Of course, what we do not know—and I hope my noble friend at some stage will be able to tell us—is how the Government intend to implement the concession that she announced earlier today, to my great delight, that the part of the Bill dealing with mayors and chief executives was going to be dropped. I hope my noble friend sees the difficulties we are in: we are discussing a clause, much of which may disappear. I do not want to disappoint the noble Lord, Lord McKenzie, because he has made two or three very valid and interesting points, but it is because of the order in which these have been taken that he is able to discuss those things at all, because otherwise they might have fallen with the amendment to take out the combined roles.
No doubt the Minister will clarify this for us. I have not had a chance to go through all of the amendments that will be affected by the earlier announcement but I did not think that this was one of them. If it were, I would be very content.
I am grateful to the noble Lord for clarifying that, but in fact there are some amendments, that take several pages right out, that were intended to remove this whole part of the Bill.
If I may express a view, I have to say that I think that that is the right course because it may well be that when the amendments to reflect the change announced this afternoon have been made, this whole passage of the Bill, several pages of it, may look very different. It would then be necessary to consider which of the remaining parts of the Bill the noble Lord, Lord McKenzie, might still like to amend. At the moment I do not see how we can do that.

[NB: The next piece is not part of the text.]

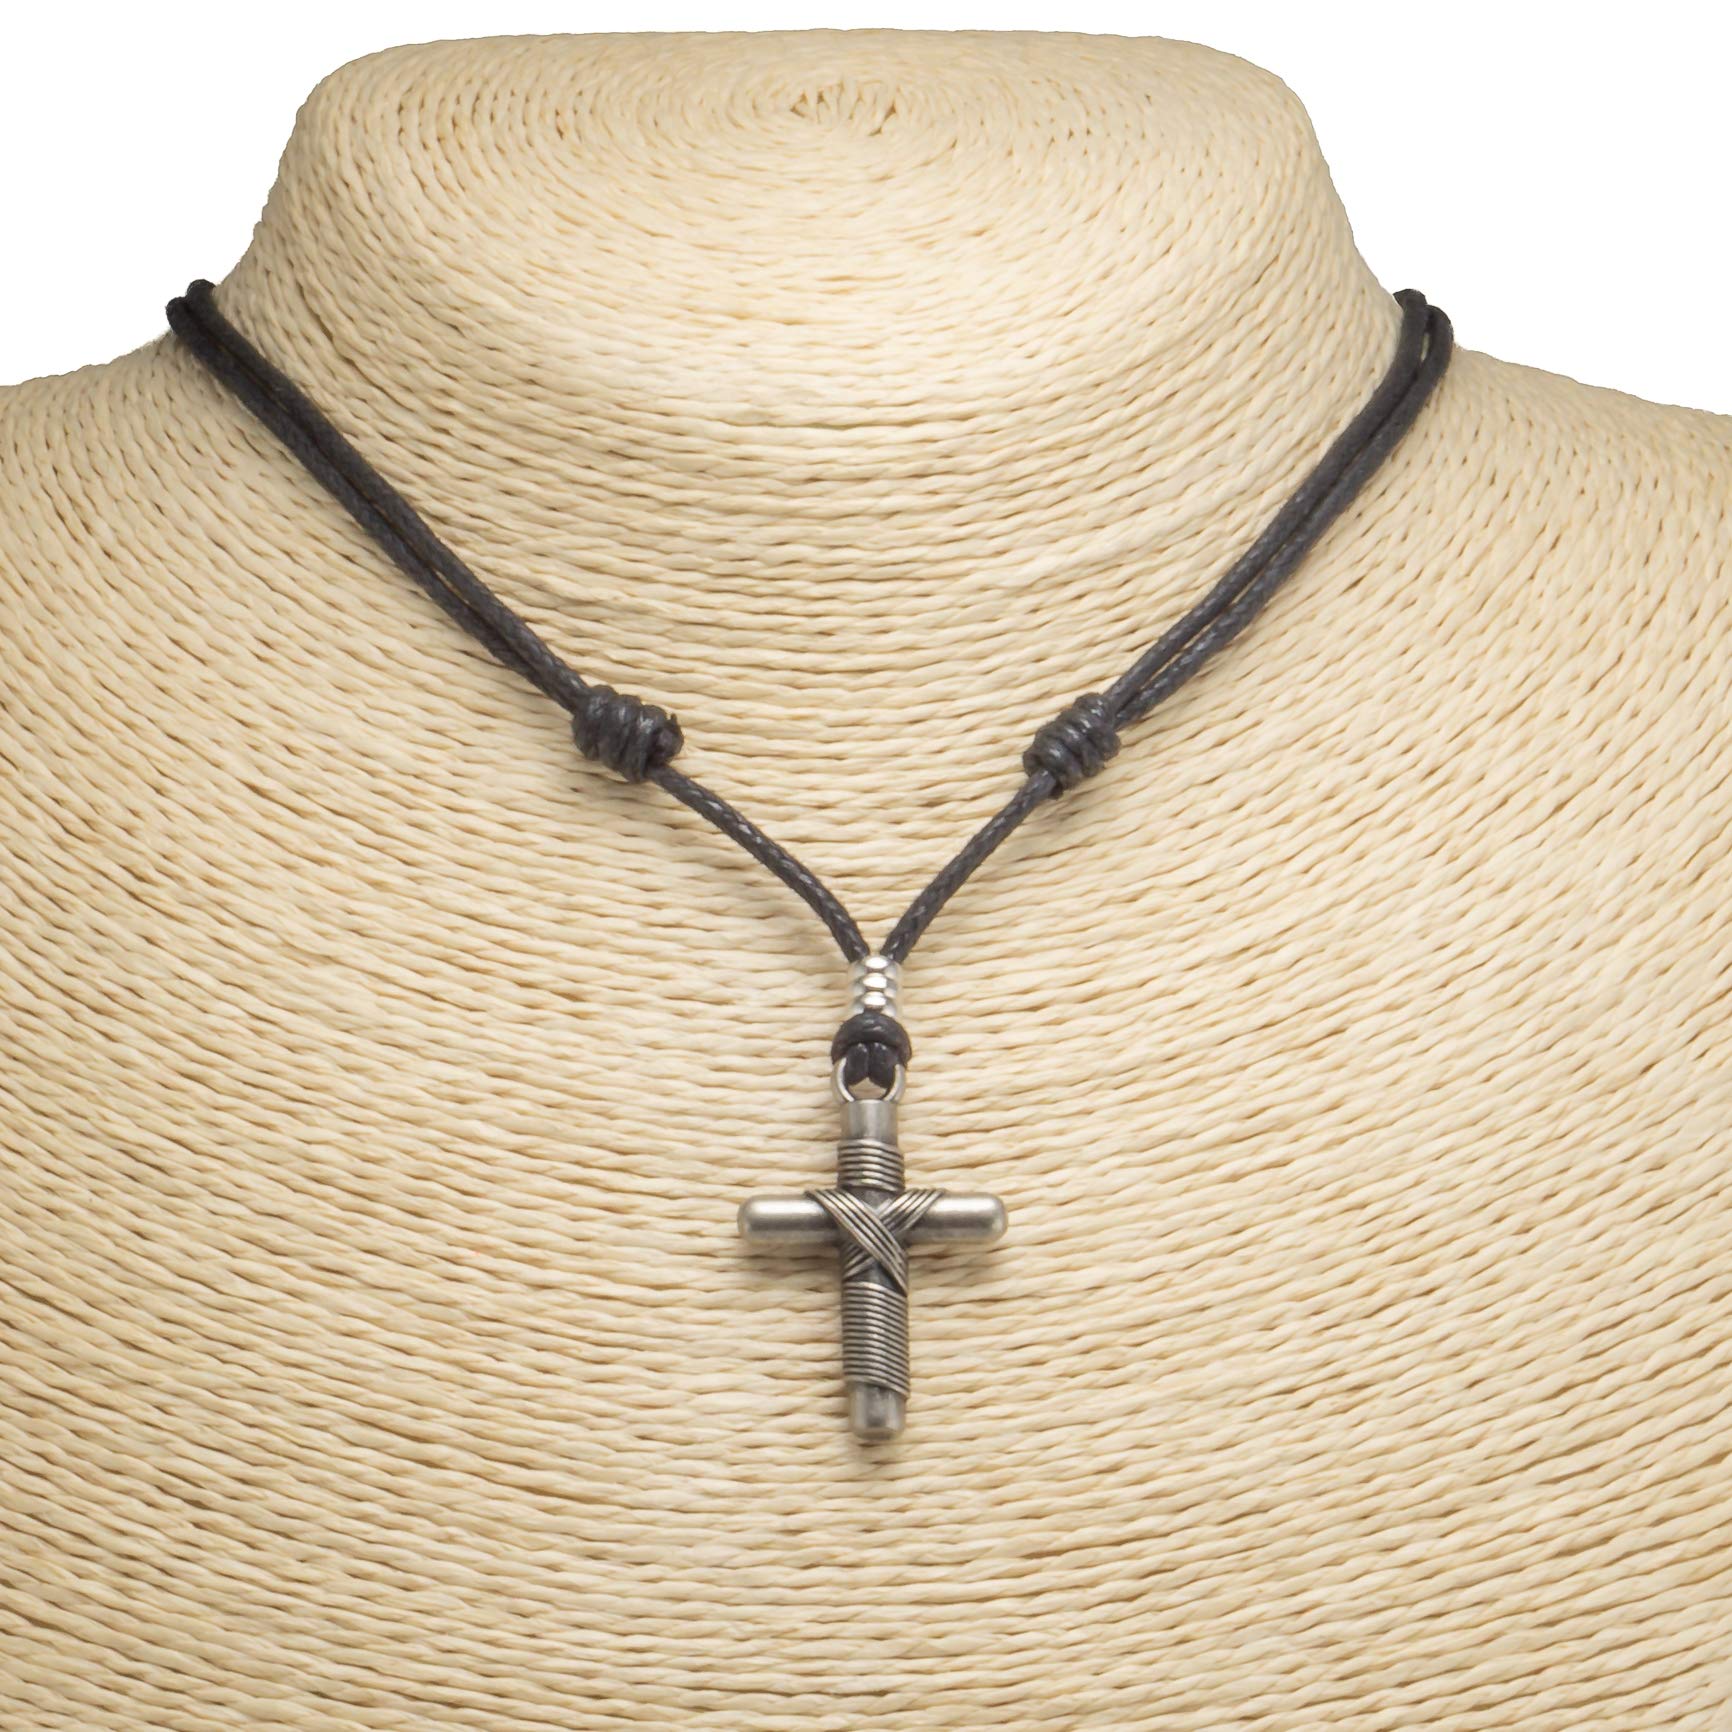 Wrapped Cross Pendant on Adjustable Rope Necklace

My Lords, I thank the Minister for her brief reply. Clearly, we need to get back to these serious issues on Report. I say to the noble Lord, Lord Jenkin, that, from reading the Bill, I understand that this issue is not linked to how someone becomes a mayor; it is focused on a mayor and executive arrangements, however they are created. I do not think that what we discussed earlier would strike those down. If it did, the amendments would become otiose.

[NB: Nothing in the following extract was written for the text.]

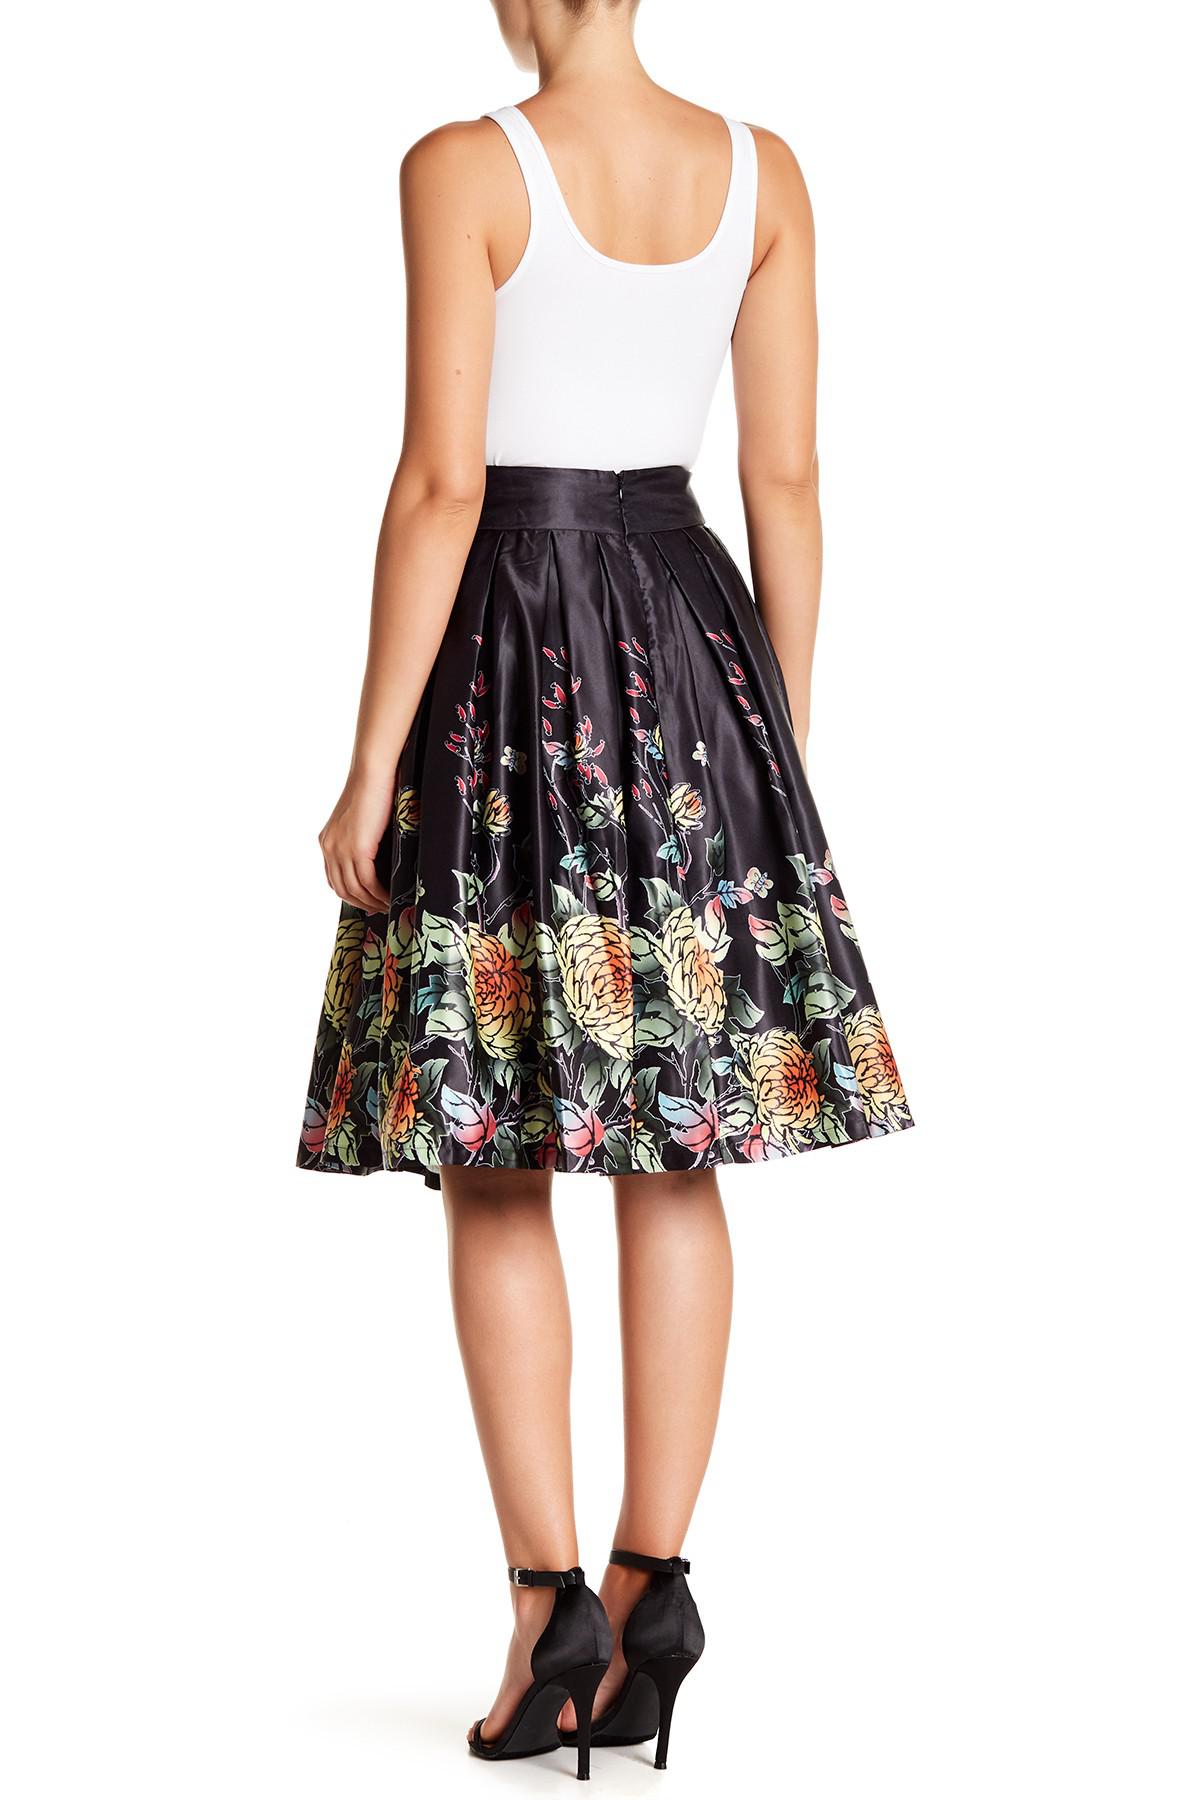 Gracia Synthetic Pleated Printed Skirt in Black - Lyst
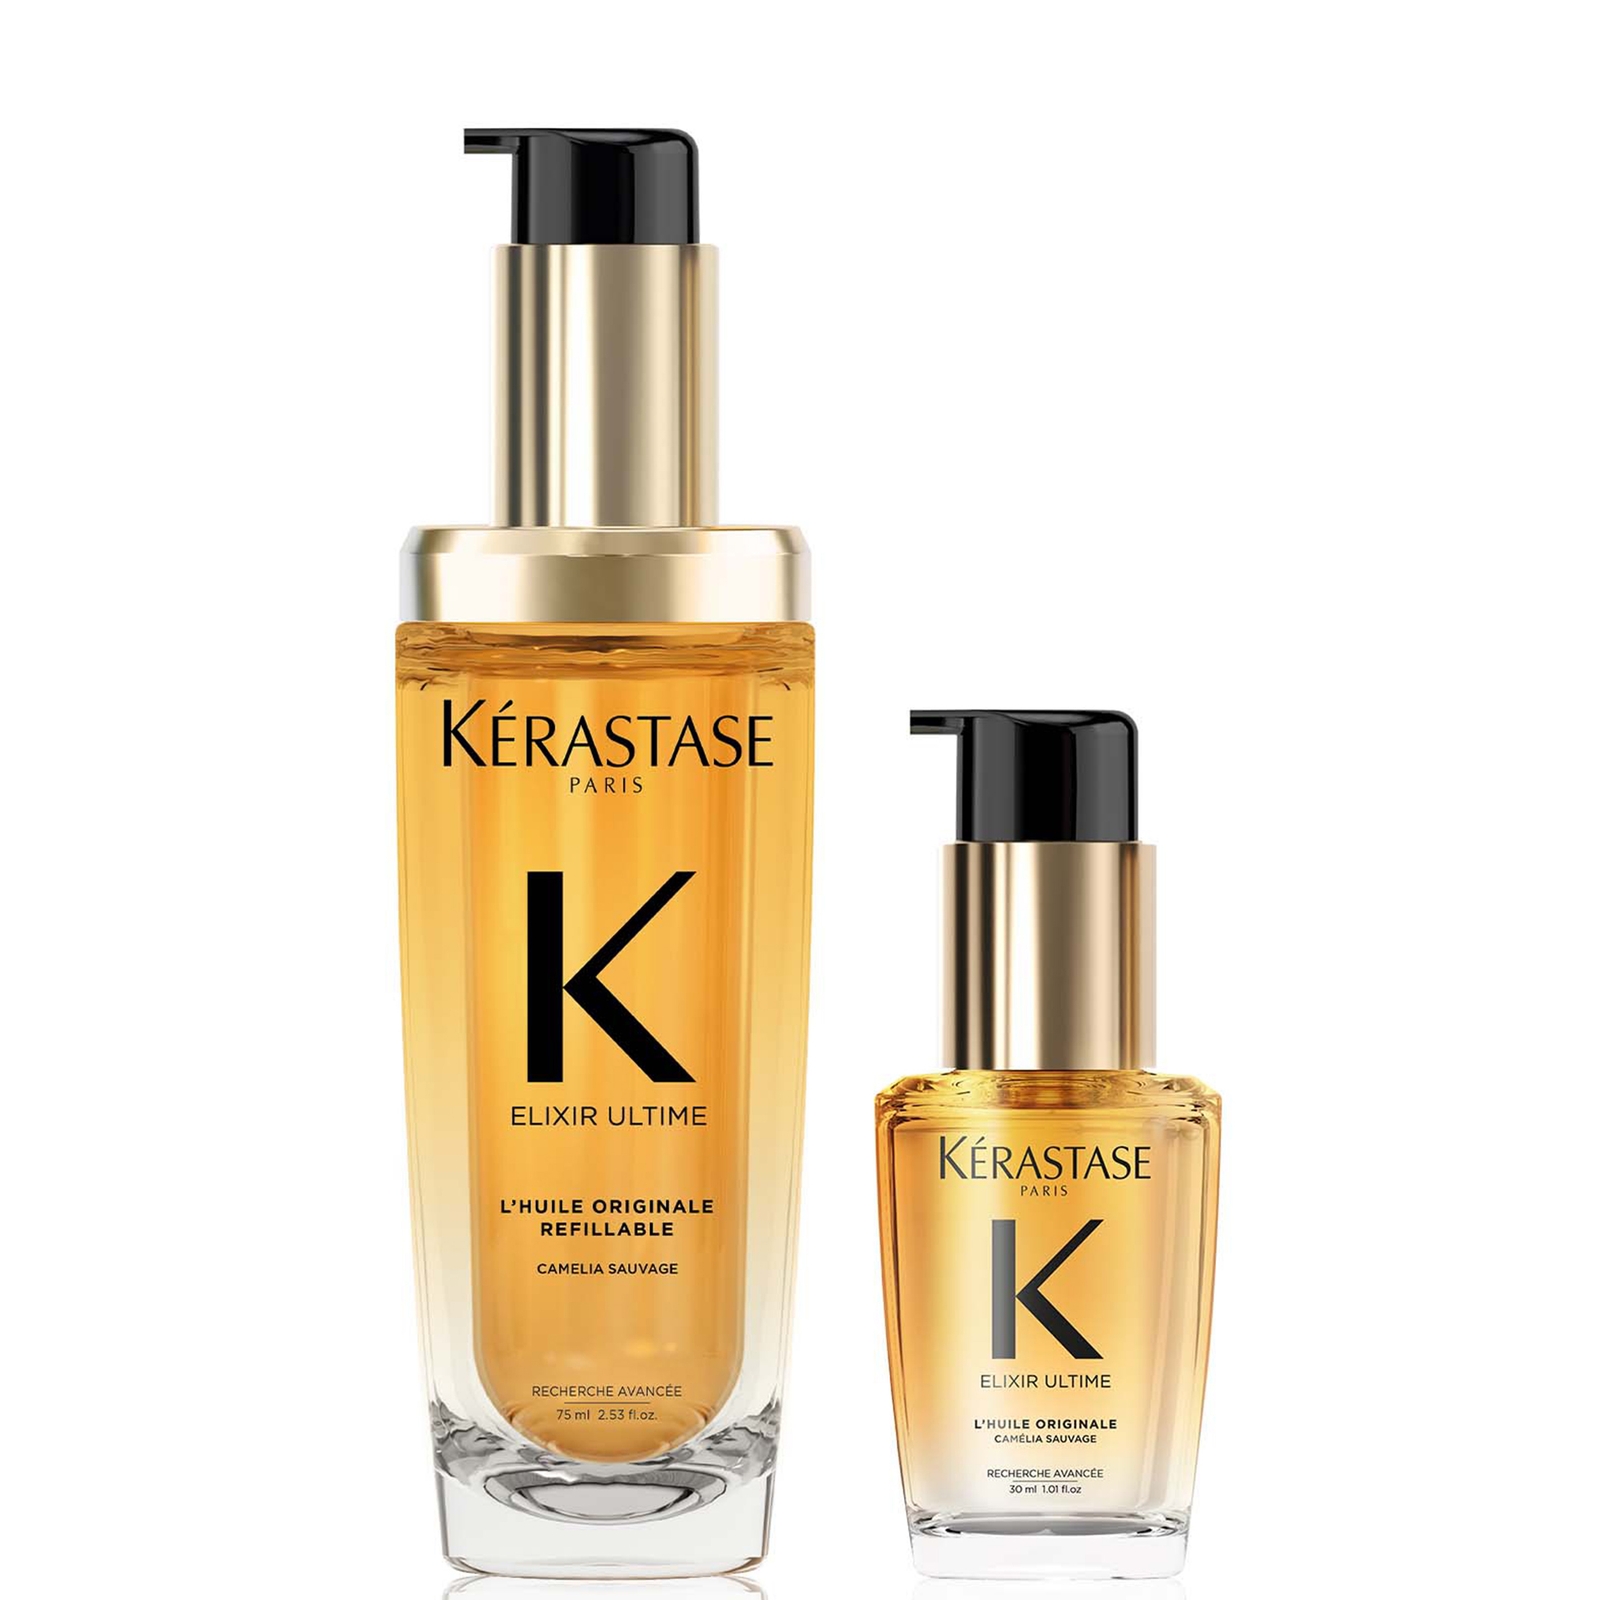 Image of Kérastase Elixir Ultime L'Huile Originale Hair Oil 75ml and Elixir Ultime Hair Oil 30ml Travel Size Duo for All Hair Types

Notwithstanding that point, I say to the noble Baroness that there were a series of questions which deserve a serious answer about why this power is limited to mayors and executives, and does not apply to executive and cabinet arrangements. Why is it only that one model that can be the recipient of the Secretary of State’s powers? More particularly, the protections and the fettering of that very wide power that needs to be undertaken is not just my worry—the Delegated Powers Committee is very clear on it. We will certainly wish to return to that.
The noble Lord, Lord True, made reference to an each-way transfer. My main point was that, if it is to apply at all and if sufficient safeguards can be put in, it should be when there are leader and executive arrangements, and when there are mayor and executive arrangements, as well as the supplementary point about what happens if you go from one to the other.
I do not know whether the noble Baroness has any further information as a result of the missive. If not, I will withdraw the amendment and leave the issue until Report but this is most certainly a matter to which we will return, if we have to, on the basis of the point made by the noble Lord, Lord Jenkin.